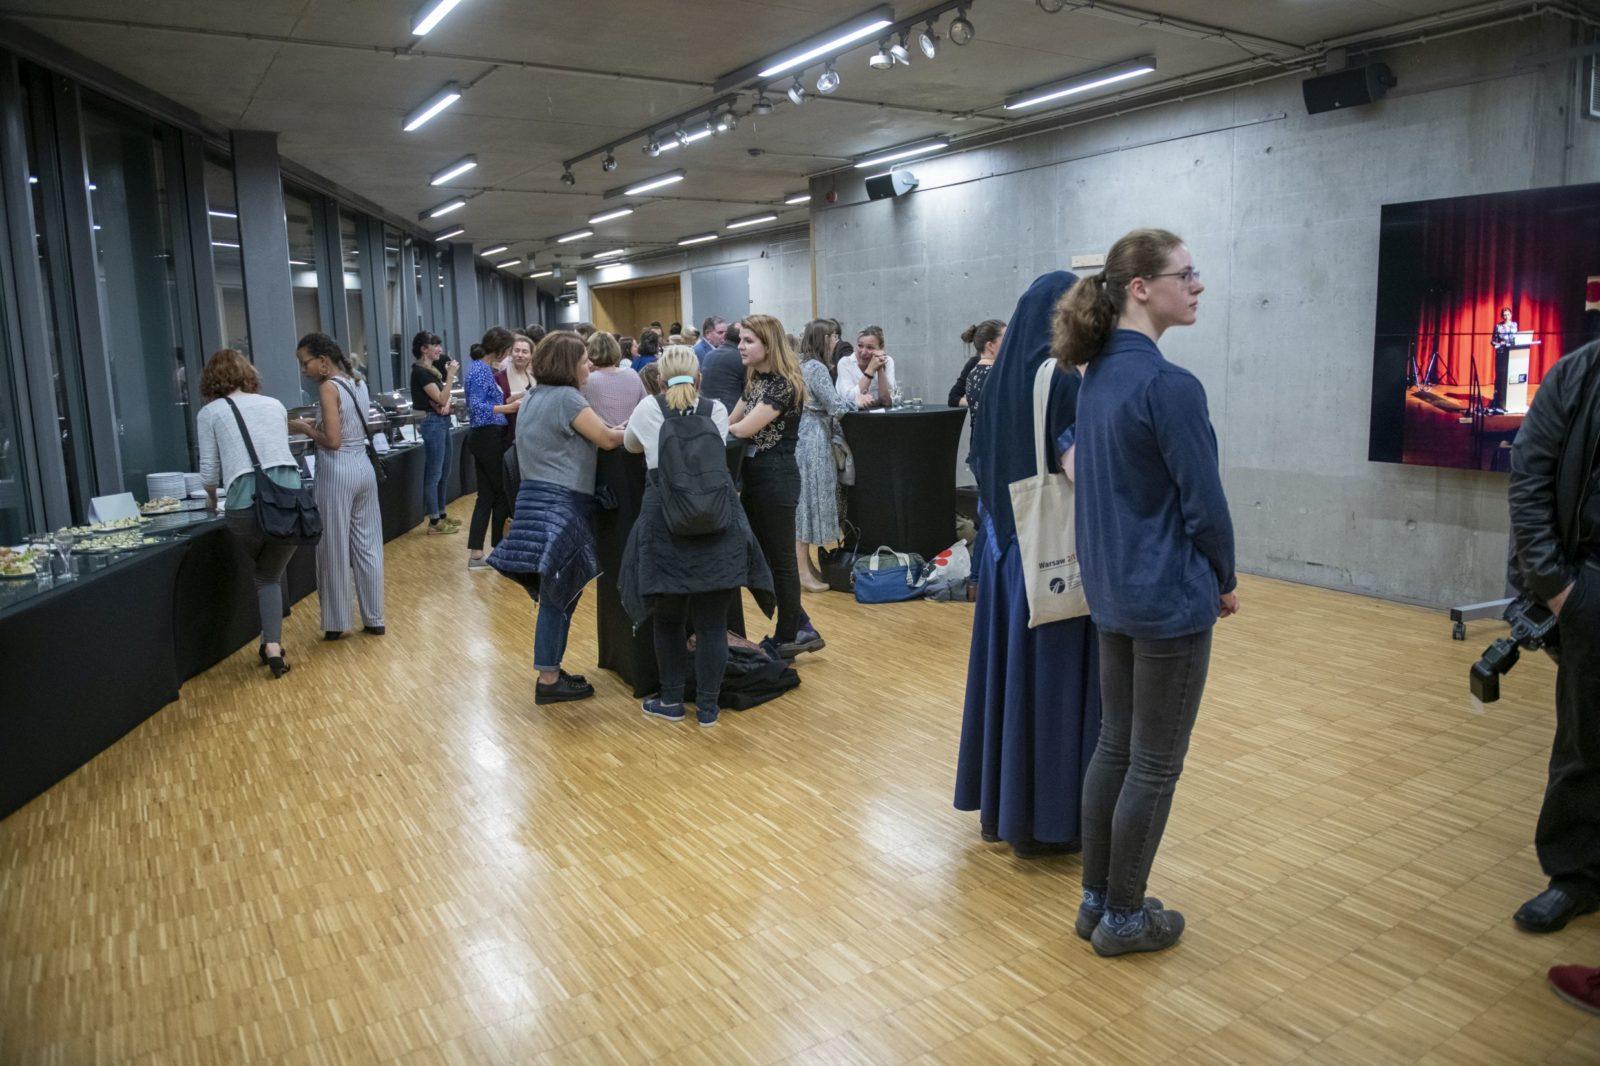 Warschau_2019_Empfang_reception_Thursday_Warsaw_Stasiuk_Konrad_140
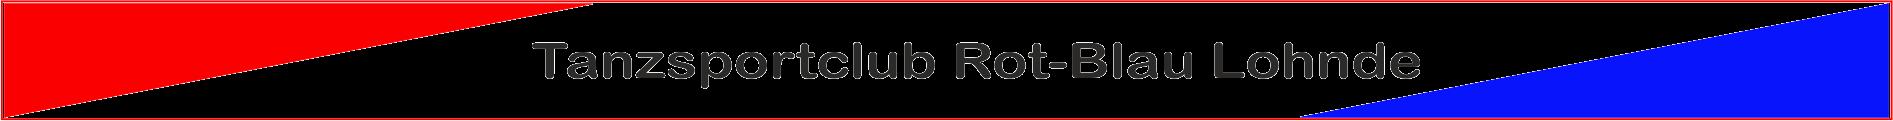 Tanzsportclub Rot-Blau Lohnde
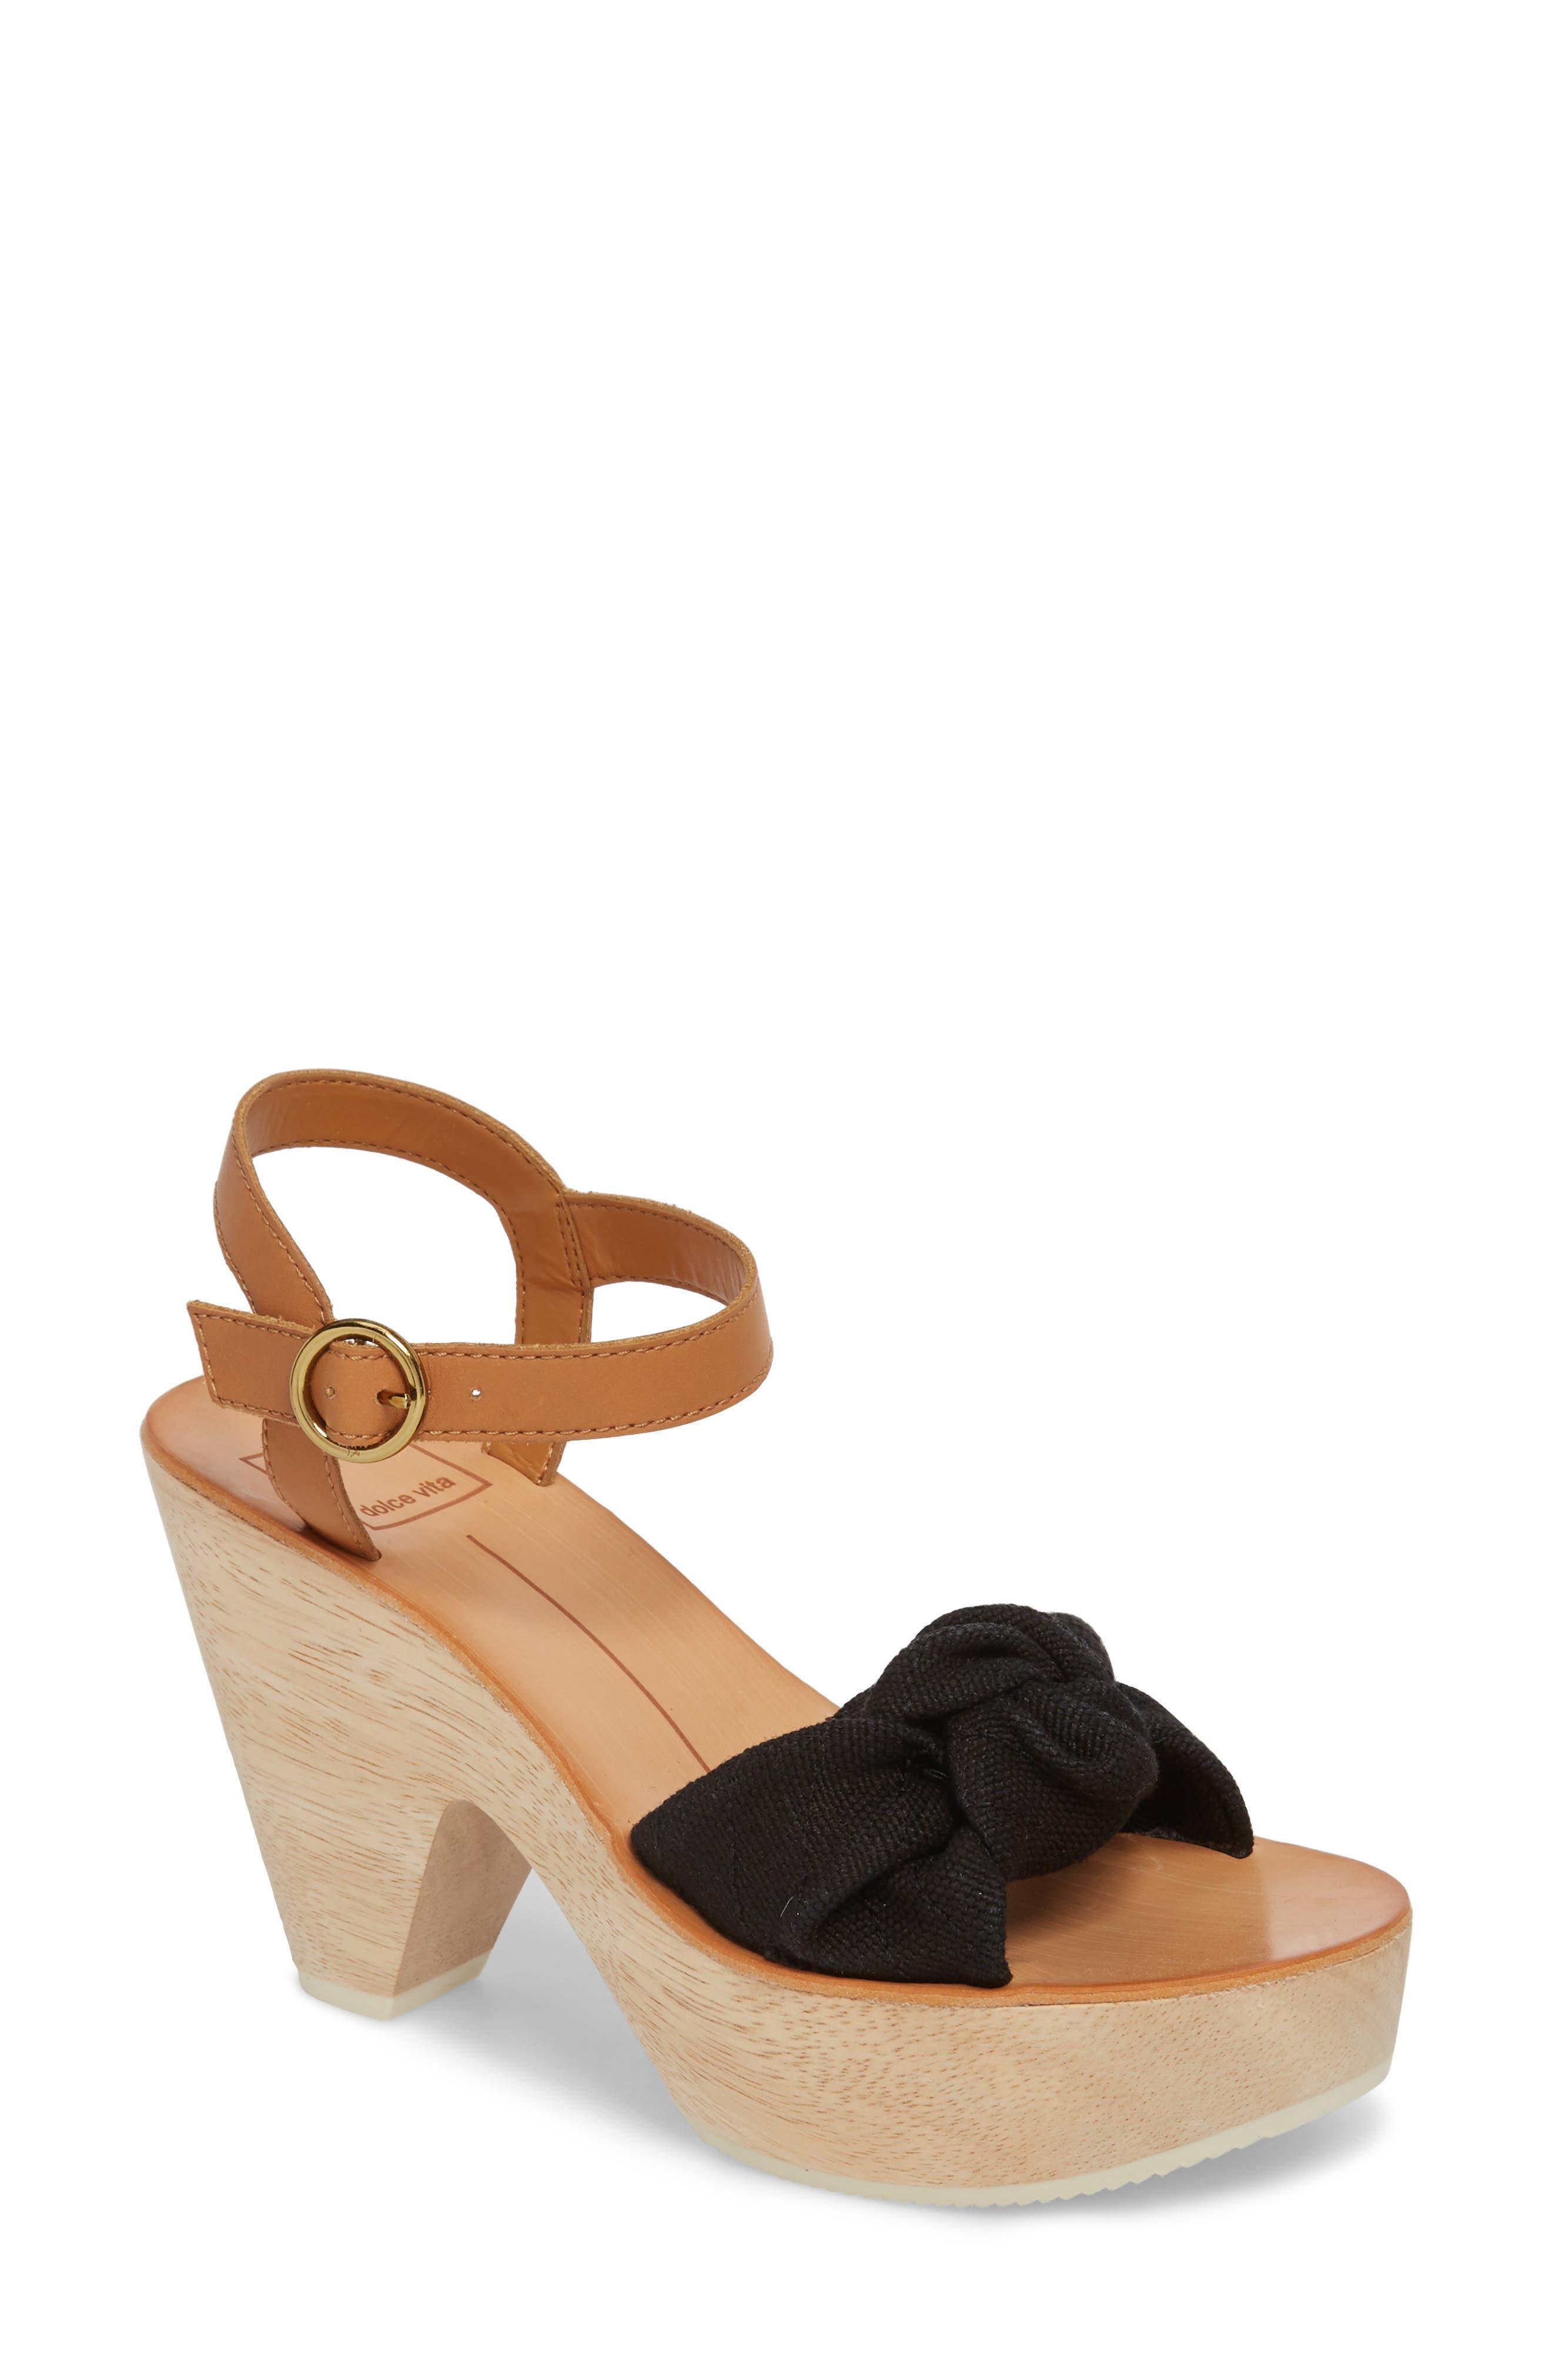 Shia Knotted Platform Sandal,                         Main,                         color, 001

###

*WHAT TO PRODUCE*: Return the listing above word for word, with the pictures removed.

*PROBLEM SOLUTION*:
 Warschau_2019_Empfang_reception_Thursday_Warsaw_Stasiuk_Konrad_140
 Tanzsportclub Rot-Blau Lohnde
 Shia Knotted Platform Sandal,                         Main,                         color, 001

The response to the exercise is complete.